We reject these contentions as well. First, the trial court was under no obligation to provide Huang an interpreter. (See Jara v. Municipal Court (1978) 21 Cal.3d 181, 185 [holding, in case involving indigent but represented civil litigant, that “there is no need for courts to require appointment of interpreters at public expense to assist litigants”].) People v. Superior Court (Almaraz) (2001) 89 Cal.App.4th 1353, which Huang relies on in contending otherwise, centered on the right to an interpreter for “‘[a] person unable to understand English who is charged with a crime,’” and is thus inapplicable. (Id. at p. 1355, citing Cal. Const., art. I, § 14, italics added.) In any event, Huang did not request an interpreter below, and after examining the record we do not believe that an oral statement she made, which she claims led the court to erroneously believe she was receiving unemployment benefits, would have affected the trial court’s ruling on the residence order. The trial court made no mention of unemployment benefits when discussing and ruling on the residence order.
Second, Huang has not shown why either the trial court’s characterization of Huang’s daughter as “independent”[2] or its statement in a separate portion of the ruling, finding that Huang and Ayoub did not share expenses, would justify reversal. The California Constitution “generally ‘prohibits a reviewing court from setting aside a judgment due to trial court error unless it finds the error prejudicial.’” (F.P. v. Monier (2017) 3 Cal.5th 1099, 1108, citing Cal. Const., art. VI, § 13.) Huang has not attempted to show any prejudice from this purported inaccuracy, and we can discern none from the record.

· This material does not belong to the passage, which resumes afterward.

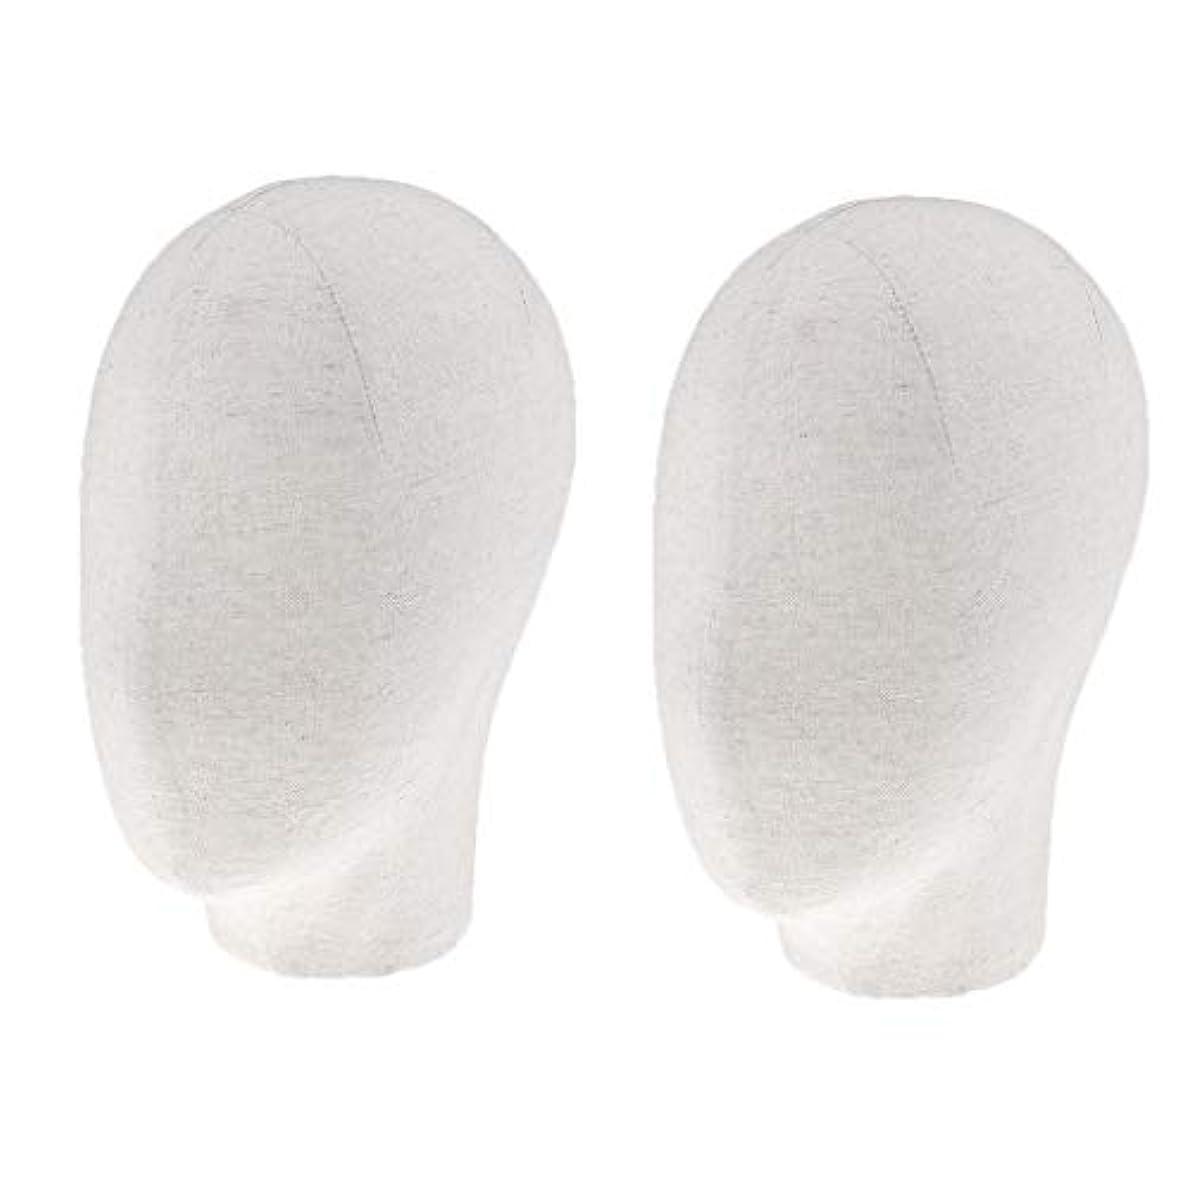 マグ接続表面的なCUTICATE マネキンヘッド ディスプレイ ホルダー かつら ウィッグ 帽子作り 展示 家庭 サロン

“Although [Ayoub] did not file a brief in this appeal, [Huang] ‘still bears the “affirmative burden to show error whether or not [Ayoub]’s brief has been filed,” and we “examine the record and reverse only if prejudicial error is found.”’” (In re Marriage of F.M. & M.M. (2021) 65 Cal.App.5th 106, 110, fn. 1.) We find no error here at all, let alone prejudicial error.
DISPOSITION
The order is affirmed. Each side is to bear their own costs.
NOT TO BE PUBLISHED IN OFFICIAL REPORTS
RAPHAEL
J.
We concur:
CODRINGTON
Acting P. J.
MENETREZ
J.
[1] Huang does not contend that the trial court’s refusal to allow her exclusive use of the residence was in error.
[2] It is not entirely clear what Huang refers to here, as she does not cite to the record when making this contention. The only apparent references to Huang’s daughter being dependent or independent in our record involve the family court asking whether Huang’s daughter was doing “independent studies” at school, and its statement in its ruling that she was.